→ ACTION ITEM
Give back every record that follows, exactly as written.

→ DATA FOR REVIEW
___

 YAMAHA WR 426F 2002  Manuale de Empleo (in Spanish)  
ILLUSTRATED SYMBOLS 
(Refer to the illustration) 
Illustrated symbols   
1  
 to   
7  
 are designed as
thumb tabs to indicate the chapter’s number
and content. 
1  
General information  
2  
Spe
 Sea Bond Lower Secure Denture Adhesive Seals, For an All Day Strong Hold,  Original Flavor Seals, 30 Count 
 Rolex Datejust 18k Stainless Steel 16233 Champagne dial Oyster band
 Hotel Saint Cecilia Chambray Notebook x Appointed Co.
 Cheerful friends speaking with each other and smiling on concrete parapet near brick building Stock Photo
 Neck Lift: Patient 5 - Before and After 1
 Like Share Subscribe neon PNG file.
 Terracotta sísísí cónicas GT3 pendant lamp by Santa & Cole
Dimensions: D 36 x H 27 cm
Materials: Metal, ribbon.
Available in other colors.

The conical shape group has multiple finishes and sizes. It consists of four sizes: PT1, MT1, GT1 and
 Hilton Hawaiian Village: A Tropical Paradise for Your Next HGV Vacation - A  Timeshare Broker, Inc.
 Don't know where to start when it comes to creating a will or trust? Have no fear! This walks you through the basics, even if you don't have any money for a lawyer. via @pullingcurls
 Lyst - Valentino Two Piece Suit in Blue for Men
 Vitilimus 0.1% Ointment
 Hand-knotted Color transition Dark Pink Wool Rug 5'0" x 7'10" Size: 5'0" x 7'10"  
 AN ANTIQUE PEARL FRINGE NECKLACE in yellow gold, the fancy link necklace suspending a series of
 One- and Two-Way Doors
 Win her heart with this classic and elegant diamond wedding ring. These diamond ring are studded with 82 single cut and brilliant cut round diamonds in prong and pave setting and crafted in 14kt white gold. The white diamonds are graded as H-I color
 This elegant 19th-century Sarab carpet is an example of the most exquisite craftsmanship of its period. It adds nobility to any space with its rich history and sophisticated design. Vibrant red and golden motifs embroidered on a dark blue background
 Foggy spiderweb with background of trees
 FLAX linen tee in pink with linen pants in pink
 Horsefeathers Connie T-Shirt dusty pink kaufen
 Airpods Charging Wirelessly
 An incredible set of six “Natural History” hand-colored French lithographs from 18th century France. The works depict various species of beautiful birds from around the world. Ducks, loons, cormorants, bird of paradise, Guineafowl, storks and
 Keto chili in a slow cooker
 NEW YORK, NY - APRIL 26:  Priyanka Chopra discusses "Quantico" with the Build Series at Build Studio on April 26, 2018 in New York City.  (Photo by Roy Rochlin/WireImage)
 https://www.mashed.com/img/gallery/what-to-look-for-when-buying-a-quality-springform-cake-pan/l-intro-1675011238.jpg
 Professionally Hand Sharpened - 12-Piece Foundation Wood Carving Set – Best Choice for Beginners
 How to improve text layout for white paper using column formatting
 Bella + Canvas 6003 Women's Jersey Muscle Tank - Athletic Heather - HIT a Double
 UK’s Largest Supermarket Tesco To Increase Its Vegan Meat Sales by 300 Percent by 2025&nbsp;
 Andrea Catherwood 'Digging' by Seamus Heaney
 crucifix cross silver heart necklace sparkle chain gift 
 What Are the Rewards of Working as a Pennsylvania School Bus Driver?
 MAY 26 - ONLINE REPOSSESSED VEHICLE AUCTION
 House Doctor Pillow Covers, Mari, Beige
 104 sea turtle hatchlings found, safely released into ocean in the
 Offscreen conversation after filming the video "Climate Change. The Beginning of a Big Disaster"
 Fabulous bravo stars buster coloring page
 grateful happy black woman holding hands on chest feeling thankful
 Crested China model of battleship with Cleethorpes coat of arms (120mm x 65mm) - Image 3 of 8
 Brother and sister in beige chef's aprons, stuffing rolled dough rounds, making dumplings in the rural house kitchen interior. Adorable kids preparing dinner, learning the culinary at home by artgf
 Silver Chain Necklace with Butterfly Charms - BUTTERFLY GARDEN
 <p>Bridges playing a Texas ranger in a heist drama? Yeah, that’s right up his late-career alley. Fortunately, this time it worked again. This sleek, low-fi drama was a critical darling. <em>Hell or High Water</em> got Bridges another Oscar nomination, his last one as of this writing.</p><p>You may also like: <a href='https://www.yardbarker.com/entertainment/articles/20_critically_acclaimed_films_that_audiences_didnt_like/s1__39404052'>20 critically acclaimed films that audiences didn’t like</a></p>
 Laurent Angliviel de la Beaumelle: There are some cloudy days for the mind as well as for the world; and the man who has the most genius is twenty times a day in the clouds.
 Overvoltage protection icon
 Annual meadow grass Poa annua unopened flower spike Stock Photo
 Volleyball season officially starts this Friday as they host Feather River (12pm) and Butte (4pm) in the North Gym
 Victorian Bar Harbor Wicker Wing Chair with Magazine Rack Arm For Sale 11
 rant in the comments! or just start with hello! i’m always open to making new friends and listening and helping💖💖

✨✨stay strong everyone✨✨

___

→ TASK SOLUTION
 YAMAHA WR 426F 2002  Manuale de Empleo (in Spanish)  
ILLUSTRATED SYMBOLS 
(Refer to the illustration) 
Illustrated symbols   
1  
 to   
7  
 are designed as
thumb tabs to indicate the chapter’s number
and content. 
1  
General information  
2  
Spe
 Sea Bond Lower Secure Denture Adhesive Seals, For an All Day Strong Hold,  Original Flavor Seals, 30 Count 
 Rolex Datejust 18k Stainless Steel 16233 Champagne dial Oyster band
 Hotel Saint Cecilia Chambray Notebook x Appointed Co.
 Cheerful friends speaking with each other and smiling on concrete parapet near brick building Stock Photo
 Neck Lift: Patient 5 - Before and After 1
 Like Share Subscribe neon PNG file.
 Terracotta sísísí cónicas GT3 pendant lamp by Santa & Cole
Dimensions: D 36 x H 27 cm
Materials: Metal, ribbon.
Available in other colors.

The conical shape group has multiple finishes and sizes. It consists of four sizes: PT1, MT1, GT1 and
 Hilton Hawaiian Village: A Tropical Paradise for Your Next HGV Vacation - A  Timeshare Broker, Inc.
 Don't know where to start when it comes to creating a will or trust? Have no fear! This walks you through the basics, even if you don't have any money for a lawyer. via @pullingcurls
 Lyst - Valentino Two Piece Suit in Blue for Men
 Vitilimus 0.1% Ointment
 Hand-knotted Color transition Dark Pink Wool Rug 5'0" x 7'10" Size: 5'0" x 7'10"  
 AN ANTIQUE PEARL FRINGE NECKLACE in yellow gold, the fancy link necklace suspending a series of
 One- and Two-Way Doors
 Win her heart with this classic and elegant diamond wedding ring. These diamond ring are studded with 82 single cut and brilliant cut round diamonds in prong and pave setting and crafted in 14kt white gold. The white diamonds are graded as H-I color
 This elegant 19th-century Sarab carpet is an example of the most exquisite craftsmanship of its period. It adds nobility to any space with its rich history and sophisticated design. Vibrant red and golden motifs embroidered on a dark blue background
 Foggy spiderweb with background of trees
 FLAX linen tee in pink with linen pants in pink
 Horsefeathers Connie T-Shirt dusty pink kaufen
 Airpods Charging Wirelessly
 An incredible set of six “Natural History” hand-colored French lithographs from 18th century France. The works depict various species of beautiful birds from around the world. Ducks, loons, cormorants, bird of paradise, Guineafowl, storks and
 Keto chili in a slow cooker
 NEW YORK, NY - APRIL 26:  Priyanka Chopra discusses "Quantico" with the Build Series at Build Studio on April 26, 2018 in New York City.  (Photo by Roy Rochlin/WireImage)
 https://www.mashed.com/img/gallery/what-to-look-for-when-buying-a-quality-springform-cake-pan/l-intro-1675011238.jpg
 Professionally Hand Sharpened - 12-Piece Foundation Wood Carving Set – Best Choice for Beginners
 How to improve text layout for white paper using column formatting
 Bella + Canvas 6003 Women's Jersey Muscle Tank - Athletic Heather - HIT a Double
 UK’s Largest Supermarket Tesco To Increase Its Vegan Meat Sales by 300 Percent by 2025&nbsp;
 Andrea Catherwood 'Digging' by Seamus Heaney
 crucifix cross silver heart necklace sparkle chain gift 
 What Are the Rewards of Working as a Pennsylvania School Bus Driver?
 MAY 26 - ONLINE REPOSSESSED VEHICLE AUCTION
 House Doctor Pillow Covers, Mari, Beige
 104 sea turtle hatchlings found, safely released into ocean in the
 Offscreen conversation after filming the video "Climate Change. The Beginning of a Big Disaster"
 Fabulous bravo stars buster coloring page
 grateful happy black woman holding hands on chest feeling thankful
 Crested China model of battleship with Cleethorpes coat of arms (120mm x 65mm) - Image 3 of 8
 Brother and sister in beige chef's aprons, stuffing rolled dough rounds, making dumplings in the rural house kitchen interior. Adorable kids preparing dinner, learning the culinary at home by artgf
 Silver Chain Necklace with Butterfly Charms - BUTTERFLY GARDEN
 <p>Bridges playing a Texas ranger in a heist drama? Yeah, that’s right up his late-career alley. Fortunately, this time it worked again. This sleek, low-fi drama was a critical darling. <em>Hell or High Water</em> got Bridges another Oscar nomination, his last one as of this writing.</p><p>You may also like: <a href='https://www.yardbarker.com/entertainment/articles/20_critically_acclaimed_films_that_audiences_didnt_like/s1__39404052'>20 critically acclaimed films that audiences didn’t like</a></p>
 Laurent Angliviel de la Beaumelle: There are some cloudy days for the mind as well as for the world; and the man who has the most genius is twenty times a day in the clouds.
 Overvoltage protection icon
 Annual meadow grass Poa annua unopened flower spike Stock Photo
 Volleyball season officially starts this Friday as they host Feather River (12pm) and Butte (4pm) in the North Gym
 Victorian Bar Harbor Wicker Wing Chair with Magazine Rack Arm For Sale 11
 rant in the comments! or just start with hello! i’m always open to making new friends and listening and helping💖💖

✨✨stay strong everyone✨✨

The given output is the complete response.